Annecy’ye Nasıl Gidilir?
Cenevre ve Lyon’a çok yakın olan Annecy’ye biz Lyon üzerinden gidiyoruz. Cenevre’ye 40 km olan Annecy’e Lyon’dan da tren ve otobüs ile gidilebiliyor. Biletler online olarak alınabildiği gibi, Lyon Part-Dieu tren garından da alınabiliyor. Yalnız, biletleri istasyondan alacaksanız her şeyin Fransızca olduğu bir kiosktan biletleri alacağınızı ve tek başınıza zorlanabileceğinizi söylemeliyim. Biz eğer Annecy’de okuyan genç bir çocuğa rastlamasaydık, biletleri tren garından biraz zor alırdık.
Online ya da gardaki kiosktan bilet alırken saatlere göre otobüs mü ya da tren mi olduğunu görüyorsunuz. Trenler Fransa’nın hızlı trenleri TGV. Ama bana sorarsanız tren diye kastırmayın, çünkü otobüs çok daha rahat ve manzaralı. Varış süresi olarak da tren ile aralarında 10 dakika fark var. Her ikisi de yaklaşık 2 saat. Giderken otobüsü dönerken treni kullandık. Gidiş dönüş toplam tutar saatlere göre değişiyor. Bizim biletlerimiz kişi başı yaklaşık 42 euro tuttu.

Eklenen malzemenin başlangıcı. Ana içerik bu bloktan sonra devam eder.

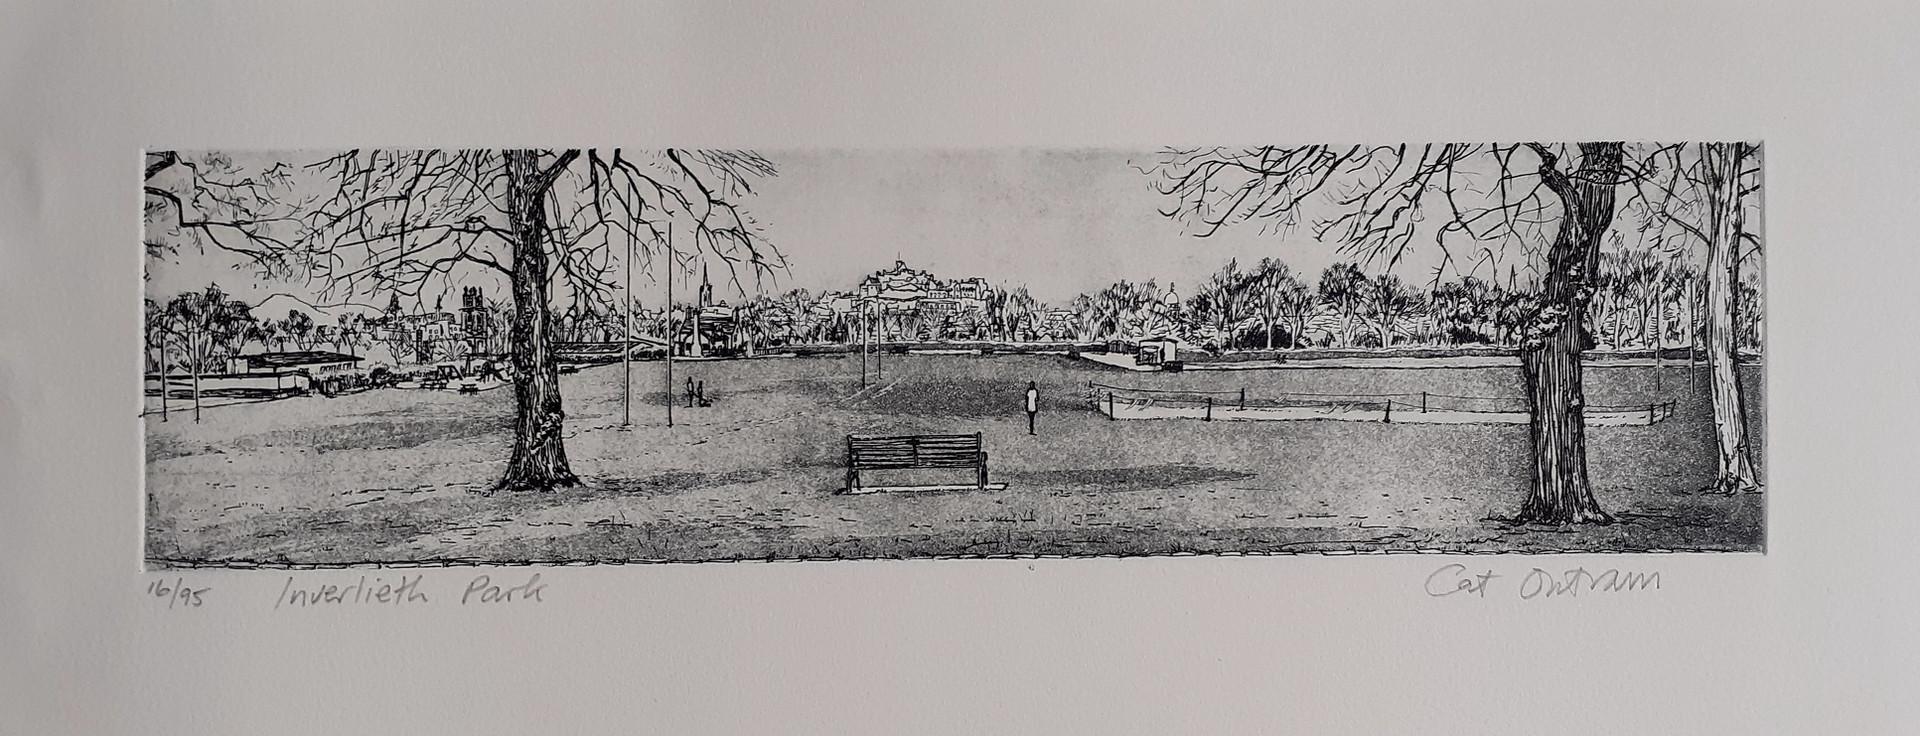 2018 Inverleith Park, 16/95

*Otobüsler, Lyon Part Dieu tren garının hemen karşısındaki otobüs durağından kalkıyor.
*Hem otobüs hem de tren Annecy’de aynı yerde indiriyor.

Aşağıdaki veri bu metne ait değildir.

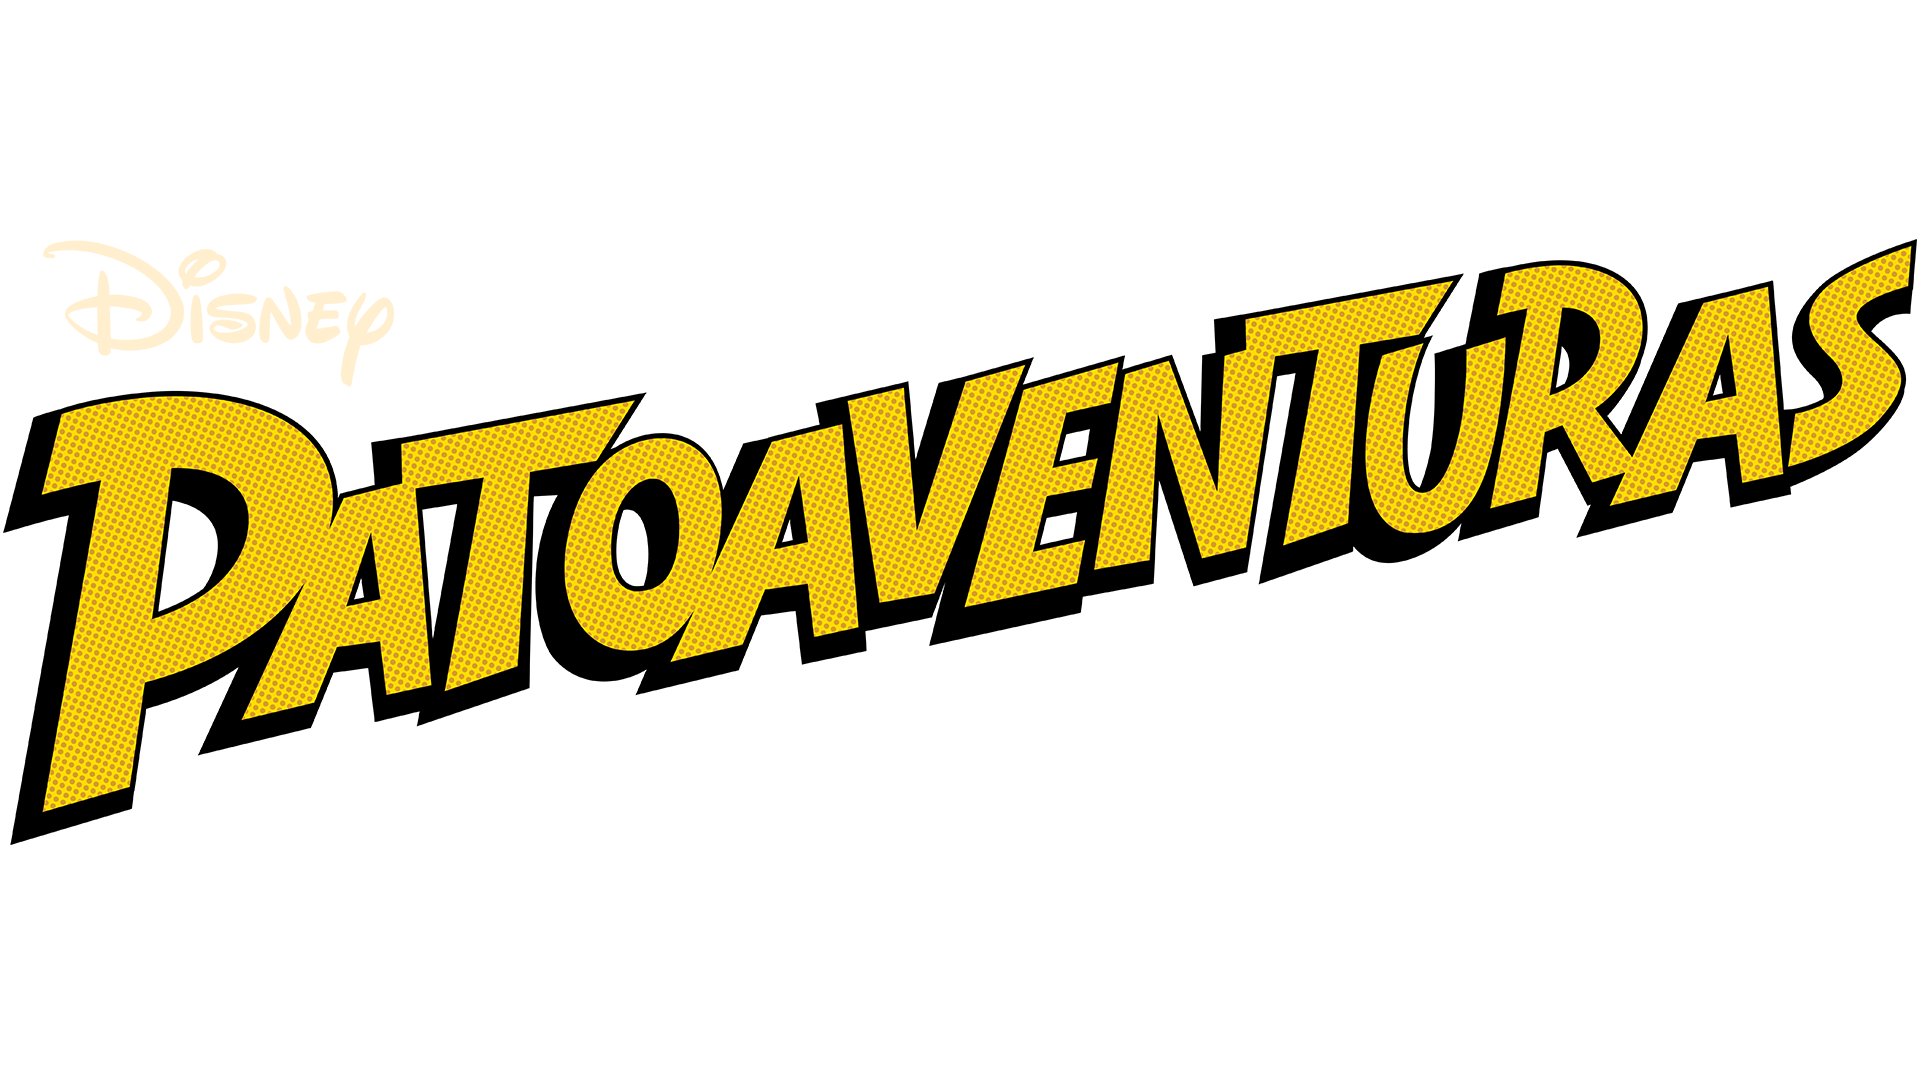 PatoaventurasNav

Ana durakla Annecy merkez arası yürüyerek 2-3 dakika. Büyük bir yer olmadığı için bir günde kolaylıkla gezilebiliyor.
Chateau d’Annecy: Annecy’nin bir tanesi Chateau d’Annecy. Şatoya çıkarken karlı dağlar eşliğinde arnavut kaldırımlı yokuşlardan çıkılarak güzel bir Annecy manzarasına şahit olunabilir. Girişler ücretli olduğundan ve ben Lyon’da parayı midyeye gömdüğümden şatoya giremedim. Ama tabii özünde güzel olacağına eminim.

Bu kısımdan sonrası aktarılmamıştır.